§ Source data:

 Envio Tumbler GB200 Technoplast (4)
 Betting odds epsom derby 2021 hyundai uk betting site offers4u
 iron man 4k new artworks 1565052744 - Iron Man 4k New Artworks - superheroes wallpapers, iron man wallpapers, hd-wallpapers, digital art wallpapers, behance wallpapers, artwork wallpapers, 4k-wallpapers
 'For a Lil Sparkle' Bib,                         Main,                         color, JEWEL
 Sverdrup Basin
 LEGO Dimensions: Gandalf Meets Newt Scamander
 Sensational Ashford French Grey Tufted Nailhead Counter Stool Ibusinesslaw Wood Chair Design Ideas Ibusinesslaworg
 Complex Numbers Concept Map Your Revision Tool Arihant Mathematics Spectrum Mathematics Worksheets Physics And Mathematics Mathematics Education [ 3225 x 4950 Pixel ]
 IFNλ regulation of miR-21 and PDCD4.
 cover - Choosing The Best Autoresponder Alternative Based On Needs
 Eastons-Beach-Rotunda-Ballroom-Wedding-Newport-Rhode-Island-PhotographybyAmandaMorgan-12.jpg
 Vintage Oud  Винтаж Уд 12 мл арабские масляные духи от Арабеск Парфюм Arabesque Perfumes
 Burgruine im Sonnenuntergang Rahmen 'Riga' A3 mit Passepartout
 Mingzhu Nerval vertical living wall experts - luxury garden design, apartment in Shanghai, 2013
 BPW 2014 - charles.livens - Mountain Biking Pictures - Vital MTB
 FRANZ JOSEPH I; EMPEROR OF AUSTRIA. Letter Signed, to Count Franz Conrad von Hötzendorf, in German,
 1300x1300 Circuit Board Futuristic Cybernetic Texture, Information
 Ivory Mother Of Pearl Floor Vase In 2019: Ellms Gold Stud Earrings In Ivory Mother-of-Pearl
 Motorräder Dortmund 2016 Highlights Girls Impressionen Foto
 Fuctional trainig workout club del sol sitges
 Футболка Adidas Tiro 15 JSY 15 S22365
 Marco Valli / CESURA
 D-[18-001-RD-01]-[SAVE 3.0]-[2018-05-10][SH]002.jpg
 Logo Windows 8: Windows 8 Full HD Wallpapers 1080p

§ The task: Your answer should consist of every entry, repeated exactly.

§ Answer section:
 Envio Tumbler GB200 Technoplast (4)
 Betting odds epsom derby 2021 hyundai uk betting site offers4u
 iron man 4k new artworks 1565052744 - Iron Man 4k New Artworks - superheroes wallpapers, iron man wallpapers, hd-wallpapers, digital art wallpapers, behance wallpapers, artwork wallpapers, 4k-wallpapers
 'For a Lil Sparkle' Bib,                         Main,                         color, JEWEL
 Sverdrup Basin
 LEGO Dimensions: Gandalf Meets Newt Scamander
 Sensational Ashford French Grey Tufted Nailhead Counter Stool Ibusinesslaw Wood Chair Design Ideas Ibusinesslaworg
 Complex Numbers Concept Map Your Revision Tool Arihant Mathematics Spectrum Mathematics Worksheets Physics And Mathematics Mathematics Education [ 3225 x 4950 Pixel ]
 IFNλ regulation of miR-21 and PDCD4.
 cover - Choosing The Best Autoresponder Alternative Based On Needs
 Eastons-Beach-Rotunda-Ballroom-Wedding-Newport-Rhode-Island-PhotographybyAmandaMorgan-12.jpg
 Vintage Oud  Винтаж Уд 12 мл арабские масляные духи от Арабеск Парфюм Arabesque Perfumes
 Burgruine im Sonnenuntergang Rahmen 'Riga' A3 mit Passepartout
 Mingzhu Nerval vertical living wall experts - luxury garden design, apartment in Shanghai, 2013
 BPW 2014 - charles.livens - Mountain Biking Pictures - Vital MTB
 FRANZ JOSEPH I; EMPEROR OF AUSTRIA. Letter Signed, to Count Franz Conrad von Hötzendorf, in German,
 1300x1300 Circuit Board Futuristic Cybernetic Texture, Information
 Ivory Mother Of Pearl Floor Vase In 2019: Ellms Gold Stud Earrings In Ivory Mother-of-Pearl
 Motorräder Dortmund 2016 Highlights Girls Impressionen Foto
 Fuctional trainig workout club del sol sitges
 Футболка Adidas Tiro 15 JSY 15 S22365
 Marco Valli / CESURA
 D-[18-001-RD-01]-[SAVE 3.0]-[2018-05-10][SH]002.jpg
 Logo Windows 8: Windows 8 Full HD Wallpapers 1080p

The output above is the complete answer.